Hätte ich nie gedacht dass eine Ming-Muschi so alt wird. Wie alt wird dann ein Zipferlklatscher? Was meint der Cheffe?

----------


## Enrico

> Hätte ich nie gedacht dass eine Ming-Muschi so alt wird. Wie alt wird dann ein Zipferlklatscher? Was meint der Cheffe?


Ich hoffe du hast den Spitznamen Spaßig verstanden? Nich das das bei euch ne Beleidigung darstellt? So war das nicht gedacht....  ::

----------


## pit

> Hätte ich nie gedacht dass eine Ming-Muschi so alt wird.


Wer will schon eine so alte Muschi?

 ::

----------


## wein4tler

Ein Archäologe vielleicht oder ein Nekrophiler.

----------


## wein4tler

Das menschliche Siebbein (hinter der Nasenwurzel) enthält einen winzigen Magnetitkristall. Dieser funktioniert als eine Art Kompassnadel und erleichtert uns die Orientierung.
Das Siebbein (lat. Os ethmoidale) ist ein Knochen des Hirnschädels. Er liegt am Ende der Nasenhöhle an der Grenze zur Schädelhöhle in der Tiefe und ist daher bei äußerer Betrachtung des Schädels nicht sichtbar.

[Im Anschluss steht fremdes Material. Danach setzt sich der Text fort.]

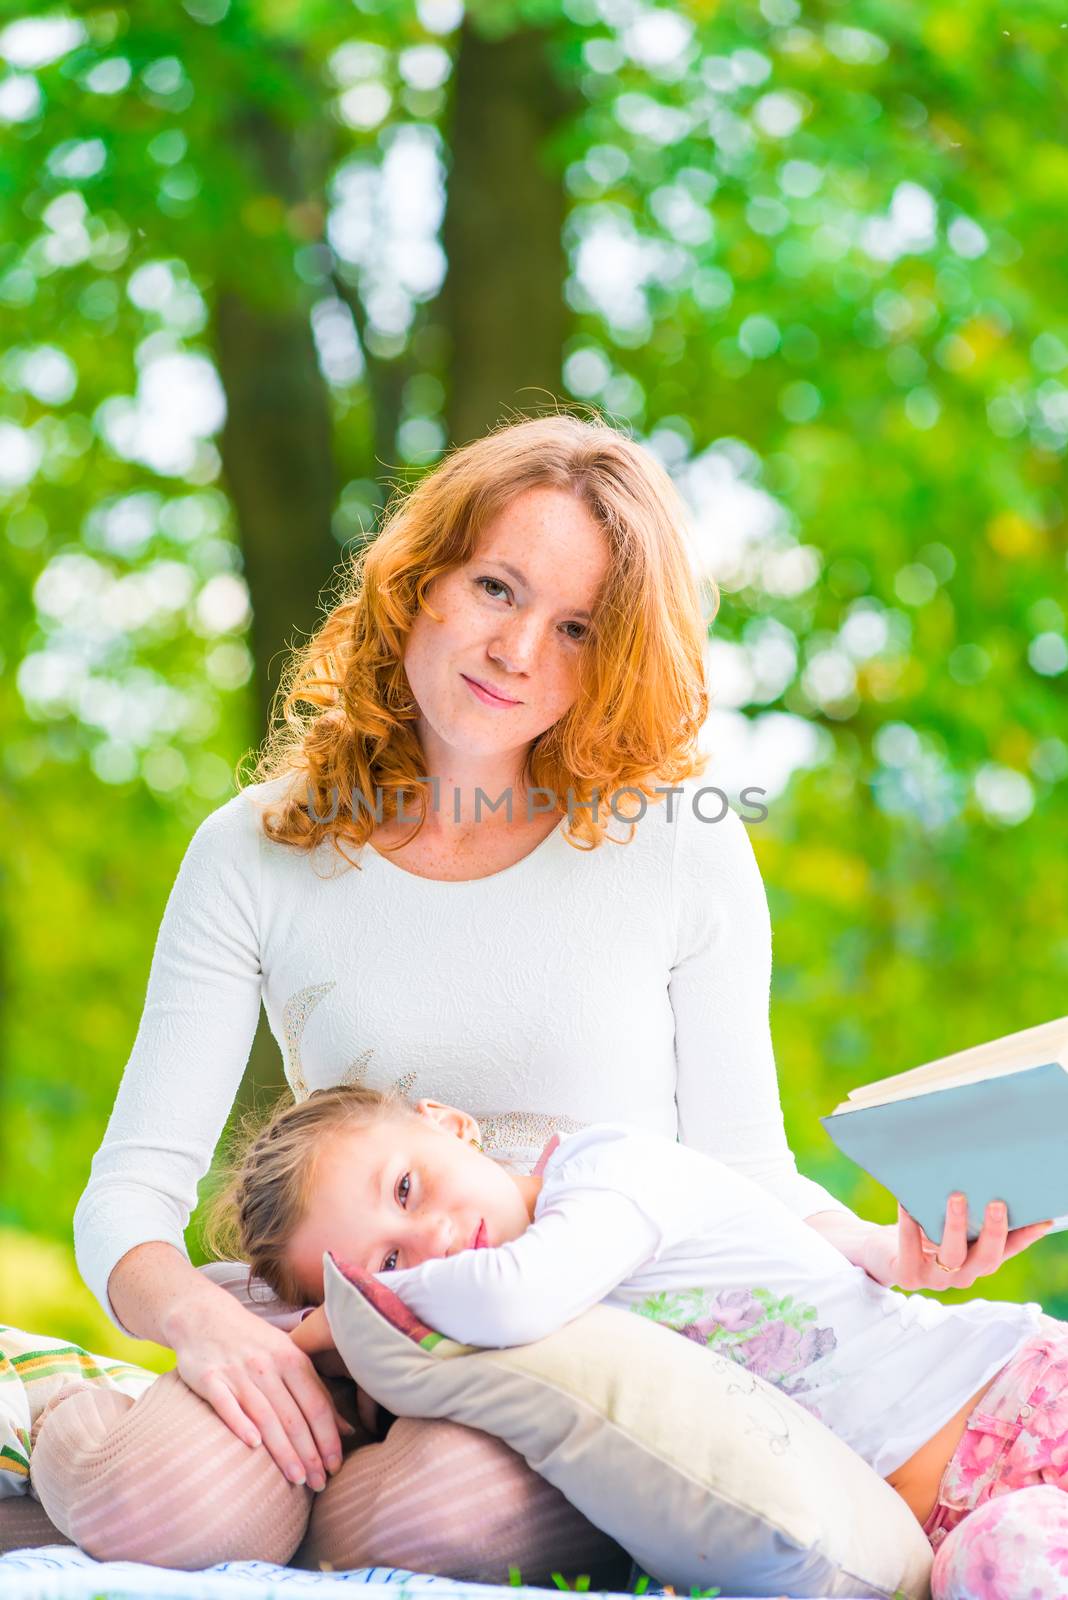 Vertical portrait of a mother and daughter in the park

Der magnetische Sinn wird in den meisten Fällen nicht alleine zur Orientierung verwendet, sondern seine Informationen werden mit denen anderer eingehender Richtungshinweise (z.B. Schwerkraft [Gravitationsbiologie], Sonnen- und Sternen-Licht, Geruch, Infraschall, Luftdruck [Atmosphäre], UV- [Ultraviolett] und Licht-Polarisation [Polarisationssehen]) verrechnet. 
Eine ähnliche Anordnung von Magnetit-Kristallen wurde in einer Ausbuchtung des Siebbeins von Thunfischen gefunden. 
Auch bei den zur Wahrnehmung magnetischer Felder fähigen Forellen konnten Magnetit-Partikel identifiziert werden. Die Kristalle liegen in flüssigkeitsgefüllten Kompartimenten innerhalb bestimmter Zellen in der Nase der Fische.
Bienen (Honigbiene) zeigen bei der Durchführung des Schwänzeltanzes (Bienensprache) nicht nur eine Ausrichtung nach der Schwerkraft, sondern zusätzlich auch eine nach dem Erdmagnetfeld. Die entsprechenden Rezeptoren – auch hier handelt es sich um mit Magnetit-Kristallen gefüllte Zellen – wurden im Abdomen der Insekten isoliert.

----------


## schiene

*Was bedeutet bezw.woher kommt der Begriff "Freistaat Flaschenhals"?*
Ich habe heute in Lorch viele Schilder mit der Beschriftung "Freistaat Flaschenhals"gelesen und konnte damit nichts anfangen.
Hier die Erklärung:
http://www.stadt-lorch-rheingau.de/s...p?menuid=65=41

----------


## frank_rt

tja schiene, die menschen von damals hatten auch schon ideen. den freistaat gabs ja nicht lange, war aber lange zeit vergessen.
erst nachdem man was für touristen brauchte kam er wieder den menschen in den sinn.

----------


## TeigerWutz

> @Frank_rt: devastieren ist aus dem Lateinischen entlehnt. Die Österreichische Sprache birgt Wortschätze aus vielen Ländern, da das Kaiserreich sehr viele verschiedene Nationen umfasste. Davon ist uns einiges auch in die zweite Republik hinein erhalten geblieben. Auch die jüdische Sprache hat seine Spuren hinterlassen, neben französisch, böhmisch, ungarisch und slowenisch.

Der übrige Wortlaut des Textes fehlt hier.